Hybrid - Fase I

Capítulo XXXIII - Que Te Lleven Los Demonios

Los ojos de Zane se abrieron de golpe, como si la vida hubiera sido reinyectada en su alma. Pero no eran los ojos de un simple guerrero. Eran pozos infinitos donde el fuego celestial y la oscuridad primigenia giraban al unísono, como si el universo entero se hubiera fundido en una sola mirada. Su cuerpo, magullado hasta el límite, comenzó a regenerarse con una velocidad brutal, soldando huesos, cerrando heridas, reintegrando lo que Lucifer había destrozado.

Estaba arrodillado en medio de los restos de la ciudad. El humo aún se elevaba en columnas silenciosas. A su lado, Sienna lo tomaba del rostro con ambas manos, acariciando con suavidad la mejilla lacerada, con lágrimas corriendo sin permiso.

SIENNA (susurrando):
—Te amo.

ZANE (apenas audible):
—Y yo a vos…

Respondió él, con un hilo de voz, pero más puro que cualquier canto celestial. Su aura comenzó a latir de nuevo. Primero como una brasa débil… luego, como un corazón descomunal despertando. Pero no hubo tiempo.

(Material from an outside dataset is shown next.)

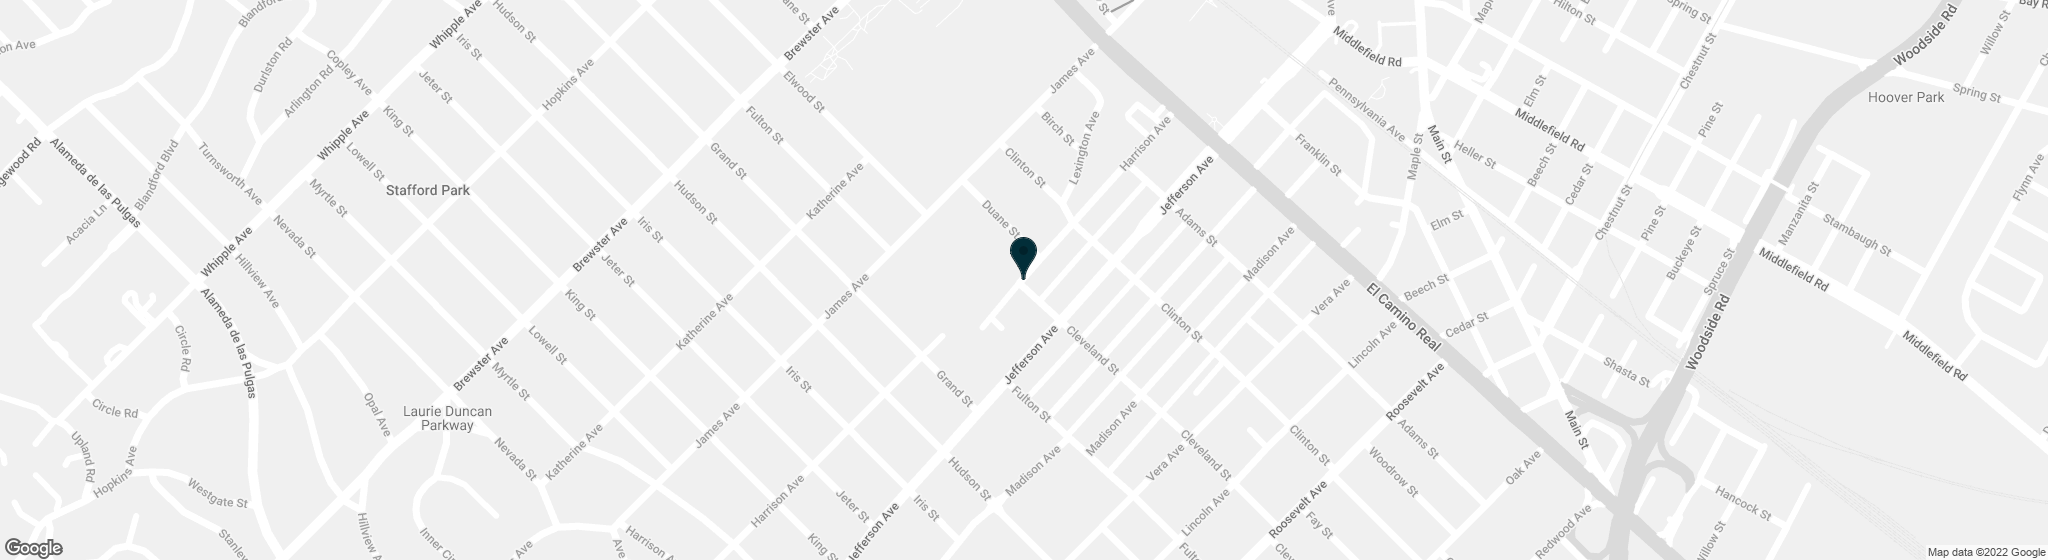 489 Harrison Redwood City CA 94062

Como una sombra que se niega a desaparecer… como un eco de odio imposible de silenciar… Lucifer apareció detrás de Zane con un destello de oscuridad absoluta. Su silueta era fuego y venganza, y su presencia arrancaba el aire de los pulmones. Antes de que Zane pudiera levantarse… Una patada bestial impactó directo en su espalda. El golpe fue tan brutal que el cuerpo de Zane salió disparado como una flecha sin control, atravesando el aire y estrellándose contra los restos de un edificio caído. El concreto se rompió como cartón mojado. El estruendo hizo eco en toda la ciudad.

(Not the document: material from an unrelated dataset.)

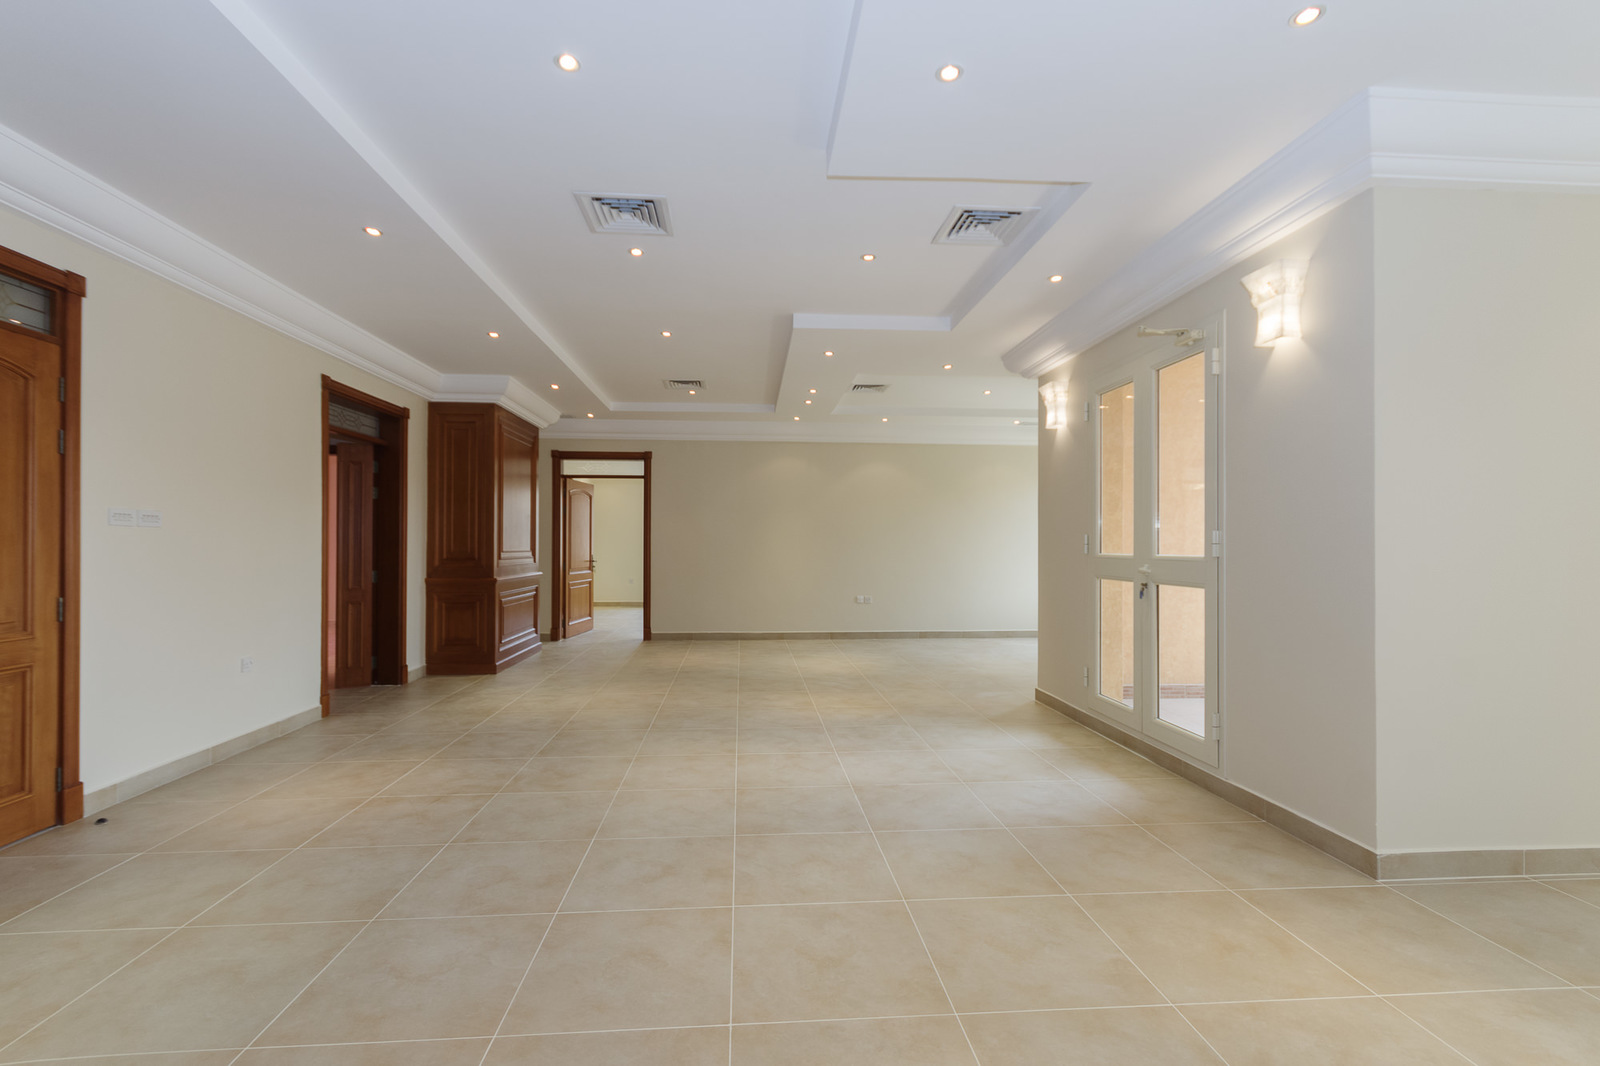 Abdulla Mubarak – great, large, unfurnished, four bedroom floor

Zadkiel y Ajatar reaccionaron al instante, pero Lucifer ya los había anticipado. Dos explosiones infernales brotaron de sus manos, enviándolos volando en direcciones opuestas, como cometas sin rumbo. Ambos impactaron contra estructuras lejanas, derribando escombros en kilómetros a la redonda. Y entonces, Lucifer caminó. Cada paso suyo hundía el suelo. Sus ojos eran brasas que escupían odio. El rostro desencajado, los dientes apretados, las venas marcadas. La furia era total. Final. Absoluta. Frente a él, Sienna. Arrodillada, temblando, con el alma quebrada pero la mirada firme. Lucifer la miró… y sin piedad, la tomó del cuello con una sola mano. La levantó como si no pesara más que una hoja seca. Sienna pataleó, jadeando, buscando aire. Le hablo con una voz tan saturada de rabia que el aire se agrietó.

LUCIFER (escupiendo):
—¡VOS! ¡Una simple humana! ¡UNA INSIGNIFICANTE! ¿¡Cómo puede ser que hayas causado… tantos PROBLEMAS!?

Sienna forcejeó, sin éxito. Su voz era apenas un susurro entre el ahogo.

SIENNA (buscando aire):
—Yo… solo… lo amo…

Lucifer, apretando más fuerte, mientras sus ojos se abrían como portales al Infierno más profundo, le contestó furioso.

LUCIFER (rugiendo):
—¡SILENCIO!

A varios metros, entre escombros… Zane. Su cuerpo sangraba. Su espalda humeaba. Pero sus ojos… sus ojos no estaban muertos. Observaban. Sentían. Ardían. Y entonces… ocurrió. Un zumbido vibró en el aire, como si la Tierra misma contuviera la respiración. El suelo alrededor de Zane se resquebrajó en círculos concéntricos, como si su existencia fuese un epicentro. Desde su espalda surgió una columna de fuego rojo, un torrente de energía infernal tan denso que parecía un grito visual. Y al mismo tiempo, desde lo más alto del cielo… una columna dorada descendió como un martillazo de los dioses, golpeando directo su cabeza, fundiéndose con su núcleo.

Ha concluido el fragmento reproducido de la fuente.